> Aim of the exercise:
Answer with the exact lines of the following material from the one containing "Biscotti di Natale" through the one containing "Glass Window Studios", both end lines included.

[Information Boundary: Start]

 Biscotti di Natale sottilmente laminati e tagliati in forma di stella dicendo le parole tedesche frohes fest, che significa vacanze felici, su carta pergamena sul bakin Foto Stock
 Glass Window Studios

[Information Boundary: End]
[Information Boundary: Start]

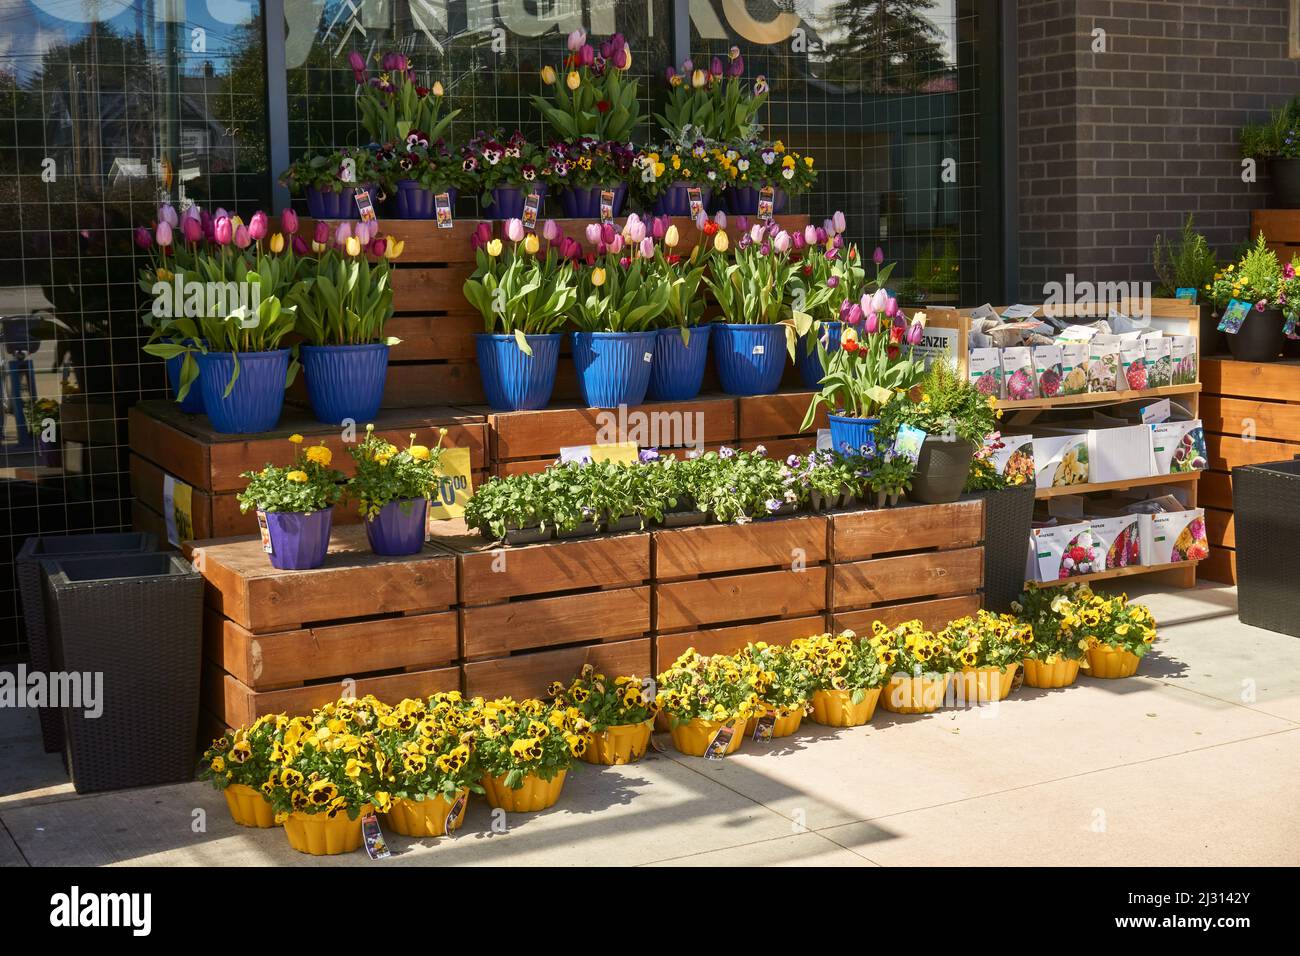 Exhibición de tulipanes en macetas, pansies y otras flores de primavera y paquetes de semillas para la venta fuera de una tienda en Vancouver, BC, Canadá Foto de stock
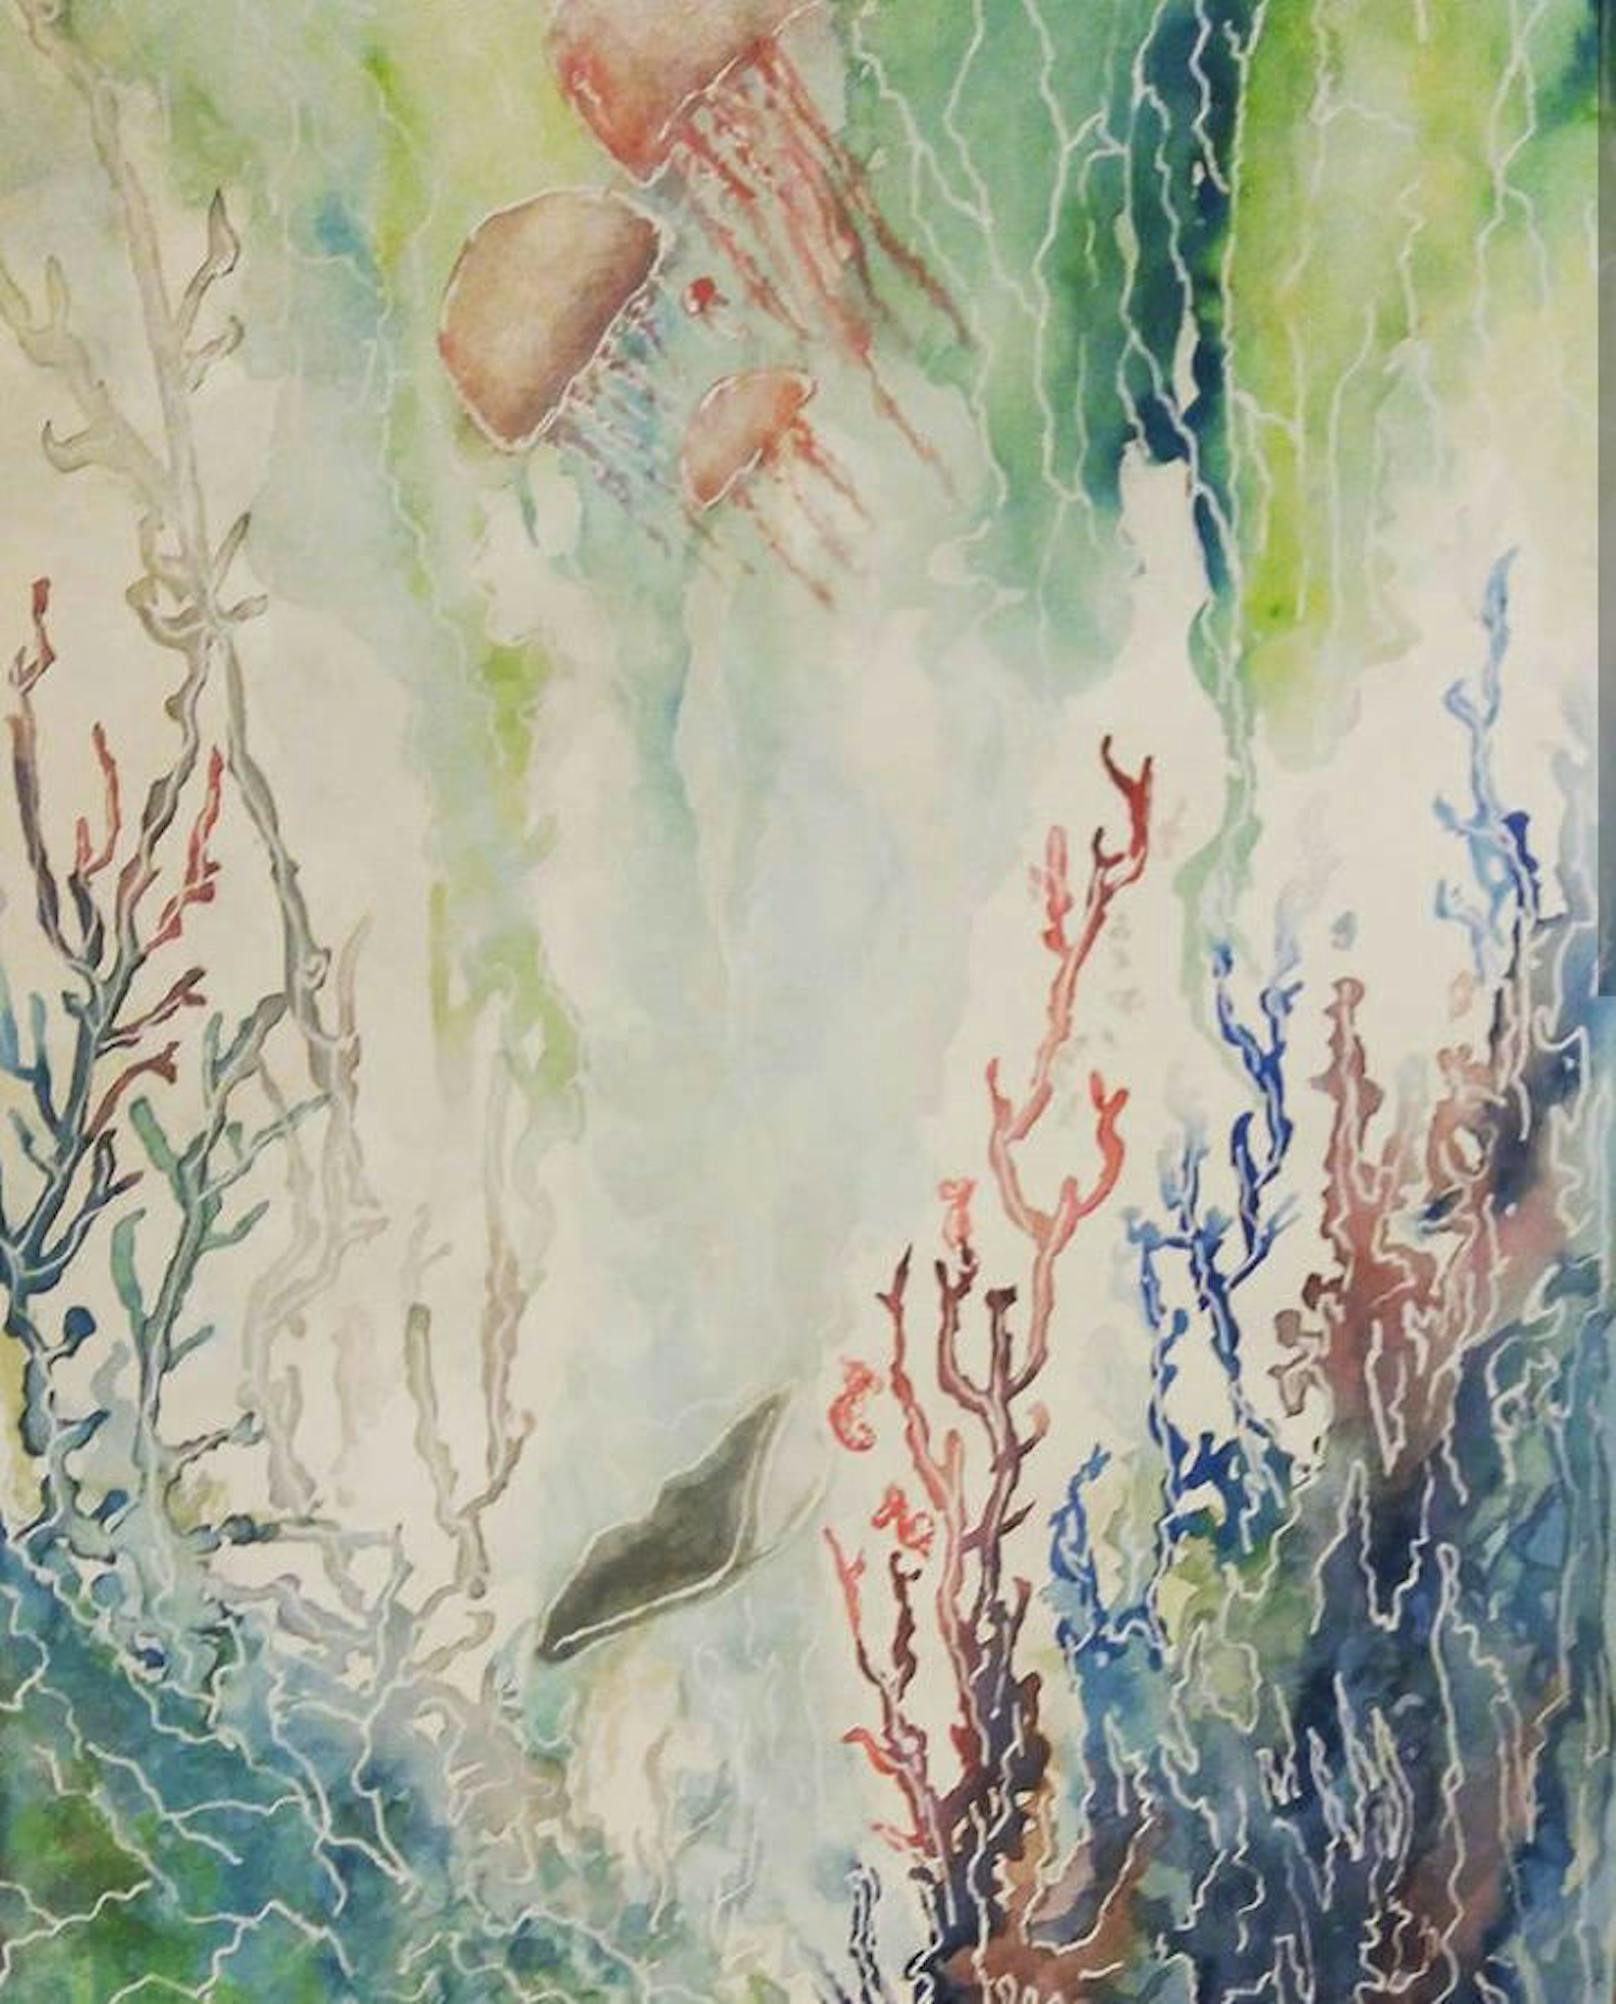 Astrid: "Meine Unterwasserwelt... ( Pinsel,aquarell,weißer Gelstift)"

[Information Boundary: End]

> Output of the task:
 Biscotti di Natale sottilmente laminati e tagliati in forma di stella dicendo le parole tedesche frohes fest, che significa vacanze felici, su carta pergamena sul bakin Foto Stock
 Glass Window Studios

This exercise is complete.